It was February 2010, close to Ambrose’s thirty-fourth birthday, and he was at a private shooting range in Bangkok. He leaned forward with a good wide stance and gently pulled the trigger on his .44, allowing the discharge to “surprise” him the way those marines had taught him in Baghdad. If he were surprised, they’d claimed, he wouldn’t flinch when the round went off. His sharp eyes saw a new hole open in his paper target seventy feet away.

Squeeze.
Blam
. Another hole.

Squeeze.
Blam
. Another hole.

Squeeze. Empty. Retrieve the target.

As the paper target raced forward on its track next to him, his guest at the shooting range emptied his third full magazine clip for an AR-15. That classic American assault rifle had been designed to kill Vietnamese guerillas with a 5.56x45mm round that mushroomed wickedly outward on impact. Per its design, Ambrose figured that Taimur Abdurrahman al-Duqmi had killed a couple dozen Viet Cong singlehanded. Too bad America hadn’t let Omani diplomats fight in the Tet Offensive.

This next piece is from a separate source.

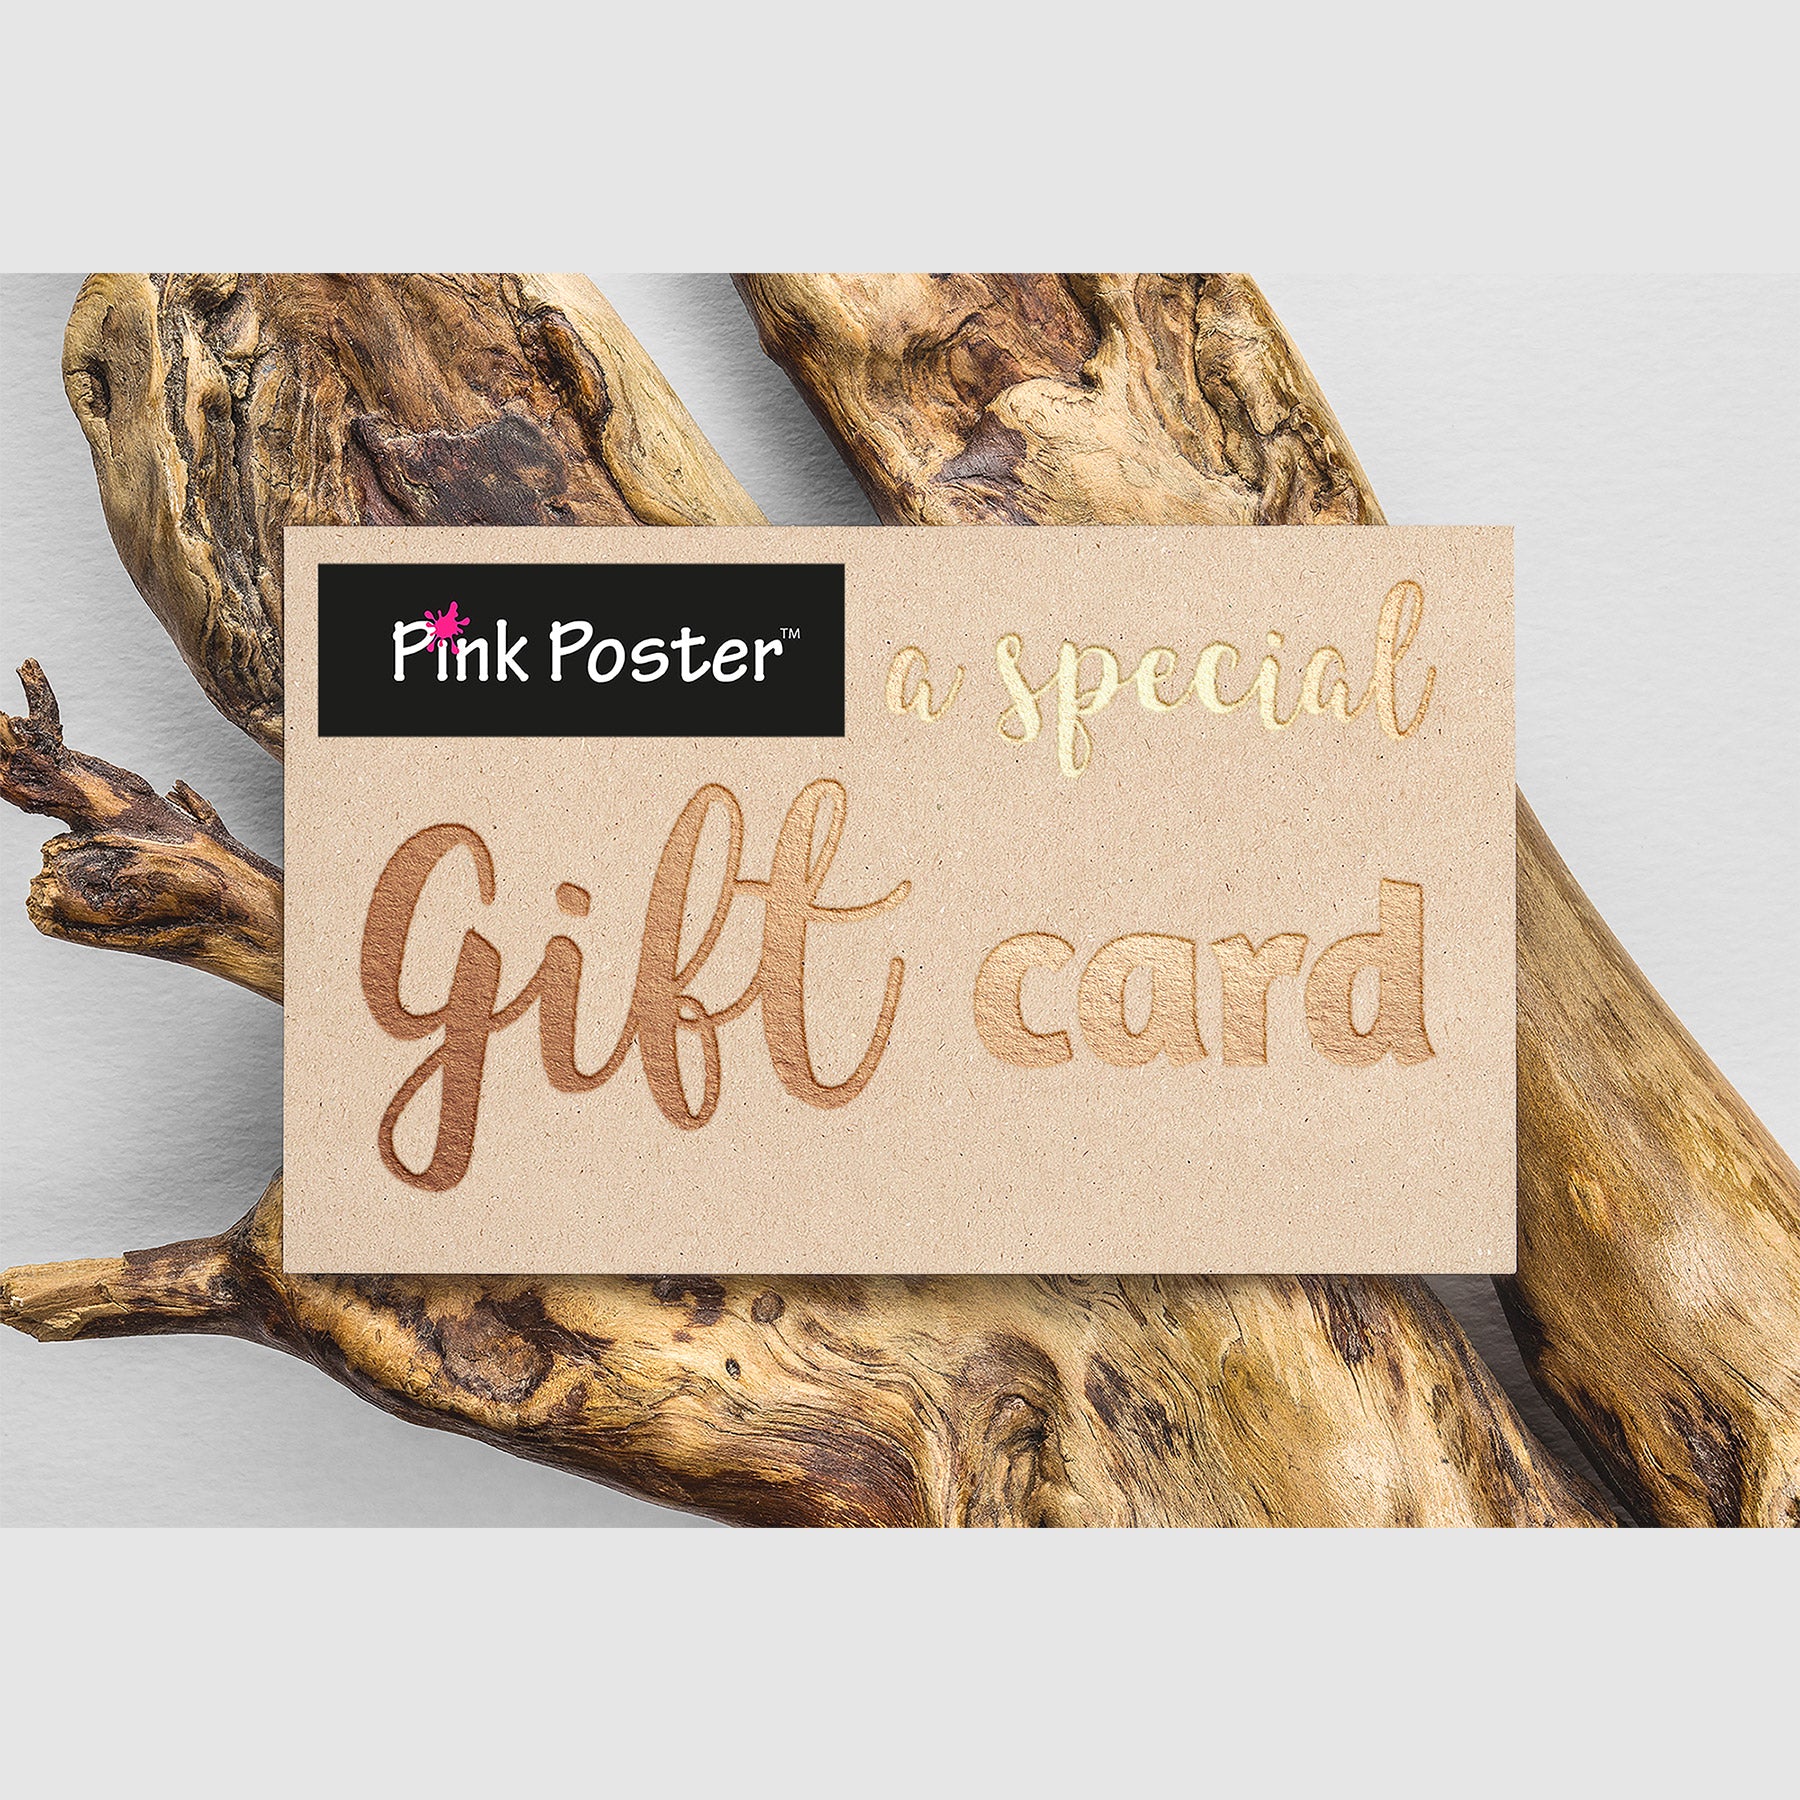 pinkposter gift card 0ea25023 35dc 4c2c 9efa 8edabb87336e

As Ambrose took off his noise dampening earmuffs and lit a cigarette, the ambassador for the Sultanate of Oman finished his barrage and cracked a massive smile. He took off his own mufflers then retrieved his target. Nothing survived except for the very top of the paper, above the target’s silhouetted head. Ambrose supposed that meant the Omani had reduced his opponent to nothing but a war scalp. Ambrose checked his own silhouette. He’d used a modest eleven round clip and scored eight good hits, with seven in the torso and one right through his enemy’s forehead. A ninth round had blown apart his enemy’s right shoulder. Two were lost in the fog of war, but nine out of eleven was good enough for light practice on a Sunday, he figured.

Taimur laughed. “God be praised, Ambrose—here I thought I’d done well. You shoot like Clint Eastwood.”

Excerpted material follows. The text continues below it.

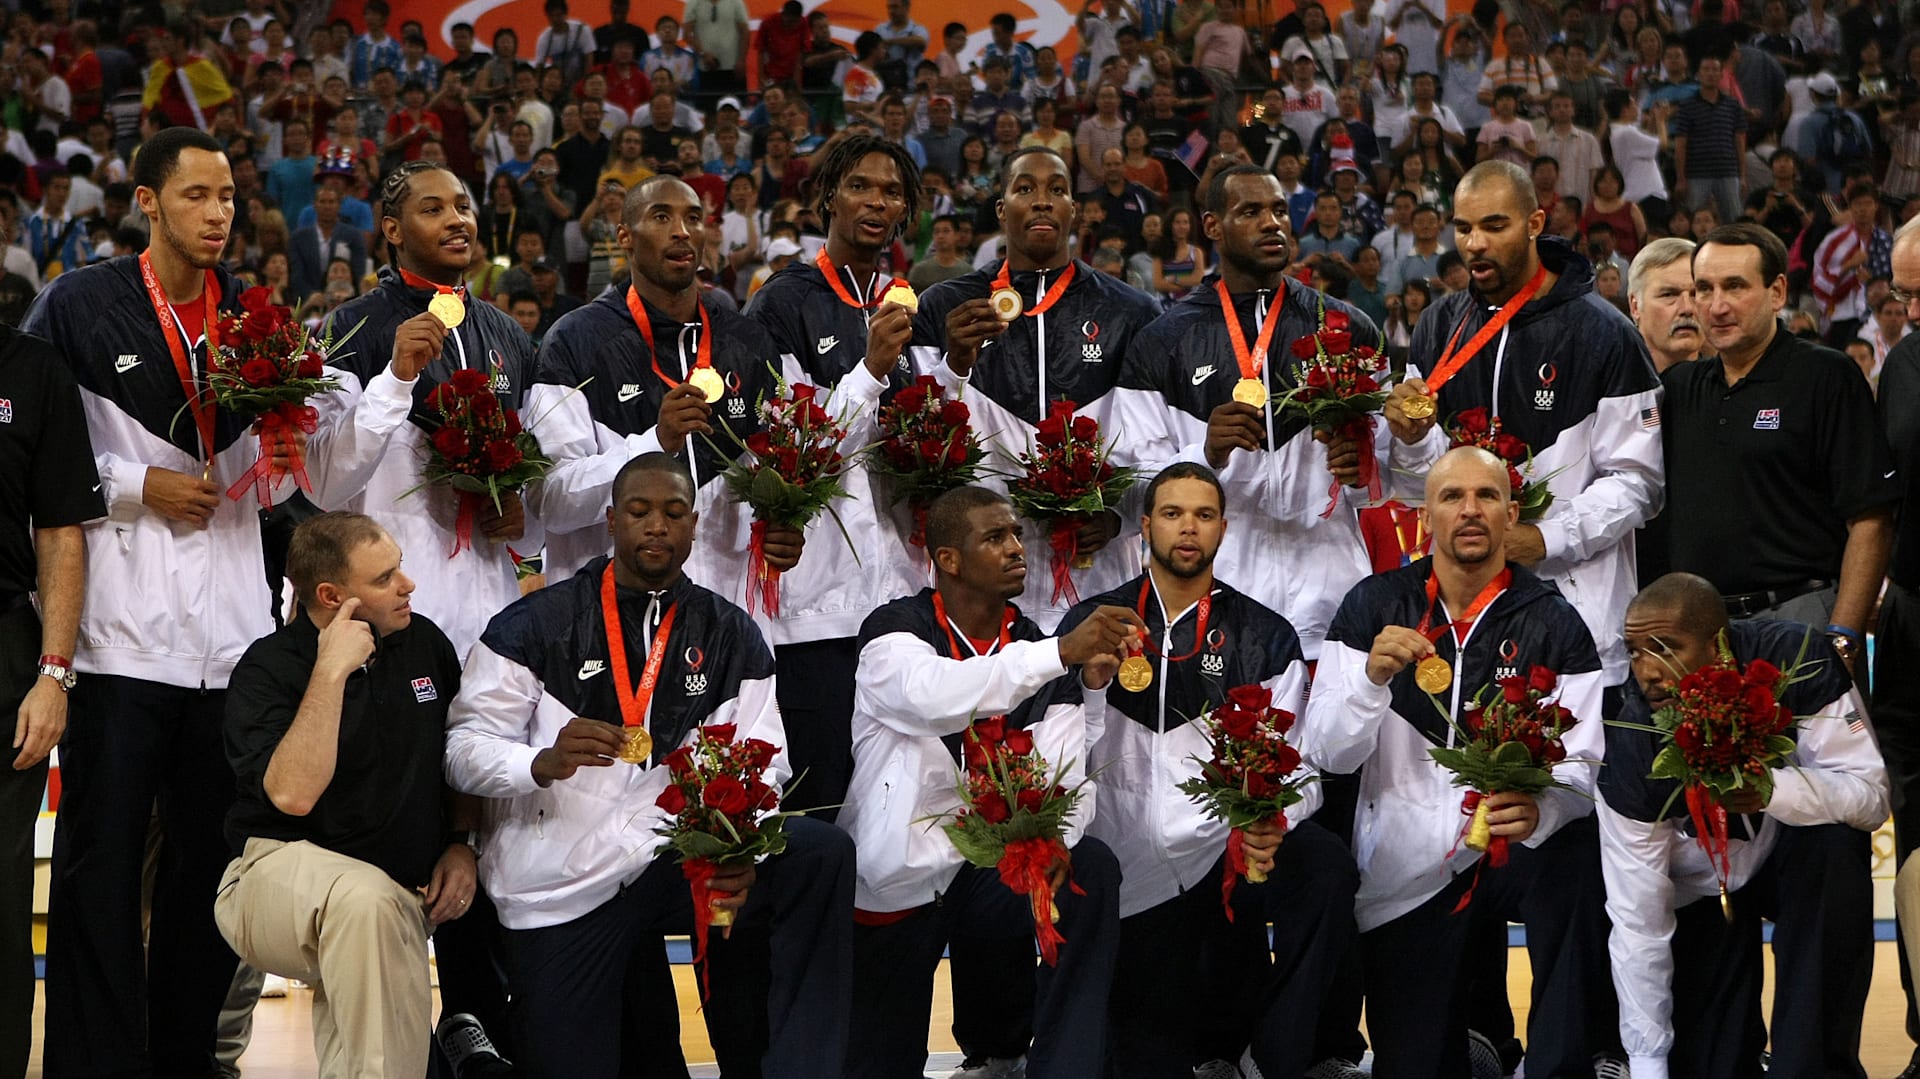 Nike Team USA Basketball Olympics James Harden #13 White Jersey Size Medium

Ambrose shrugged and said, “Different styles, Ambassador. Yours definitely works too.”

“Aye, maybe you’re correct. I haven’t shot one of these things in years, ever since my father would drive us children into the desert and scream until we’d blown two hundred empty Coca-Cola bottles apart.” He held the rifle sideways and appreciated its dark length for a moment. “And God only knows why that’s the sort of thing I’d miss. My father was a viper.”

“Home is home,” Ambrose replied.

“Aye, correct again. Thank you for this, truly. I still don’t know how you made this happen,” the Omani diplomat said.

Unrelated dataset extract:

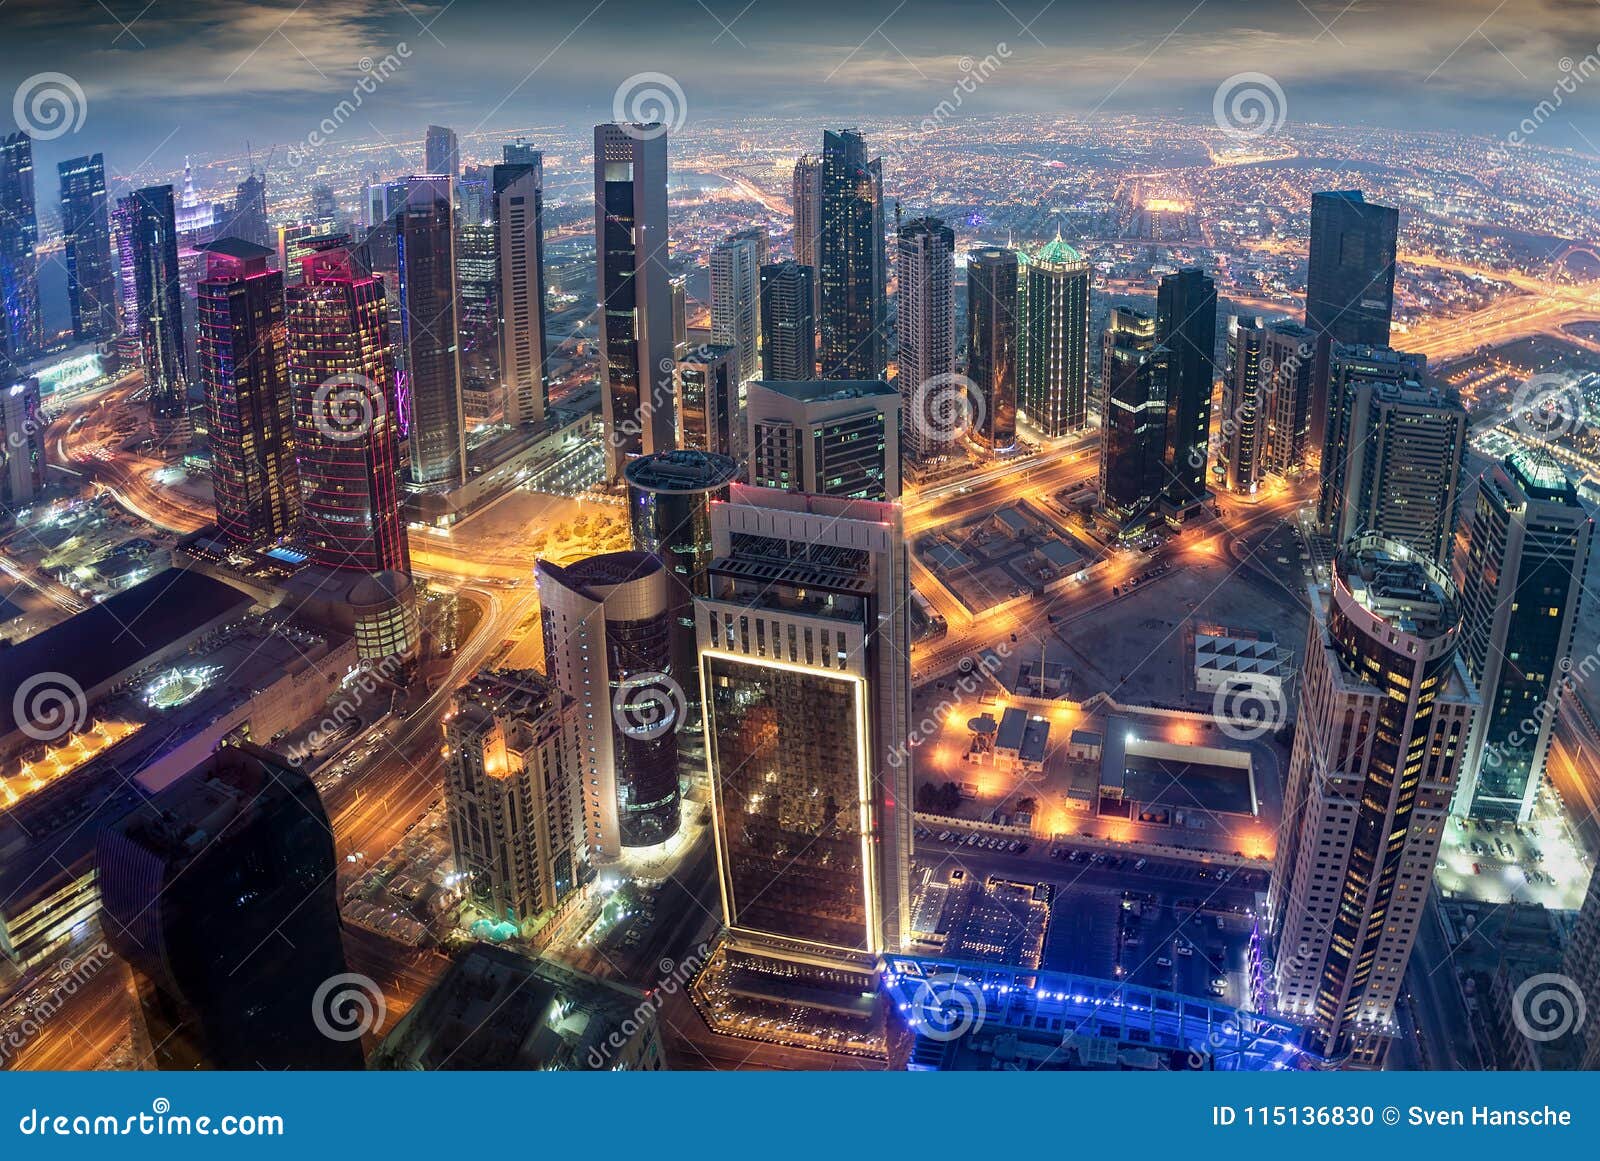 aerial view to the illuminated city center of doha, qatar

Ambrose blew smoke out his nose then said, “The U.S. military does joint training with the Thai Royal Army all the time, so they give our forces access to facilities like this. The marines at the American embassy go here weekly for target practice. I’ve always gotten along with marines, so they give me the passcode for the building and don’t mind if I use it once in a while.”

Taimur put away his gun in Ambrose’s black duffel bag, then took a nearby rag and wiped his hands off. He’d removed the flowing brown Omani robes befitting a nobleman of his rank before hopping into Ambrose’s diplomatic-issue Range Rover. Taimur said, “Ah, and what if the Thais caught you in here?”

“They haven’t yet, and here’s hoping they don’t for the next six weeks, until my leave is up.”

The Omani ambassador smiled again and pressed, “God willing. And how much more trouble would you be in if the Thais caught you here with an Arab-looking foreigner like me, who doesn’t have American embassy credentials?”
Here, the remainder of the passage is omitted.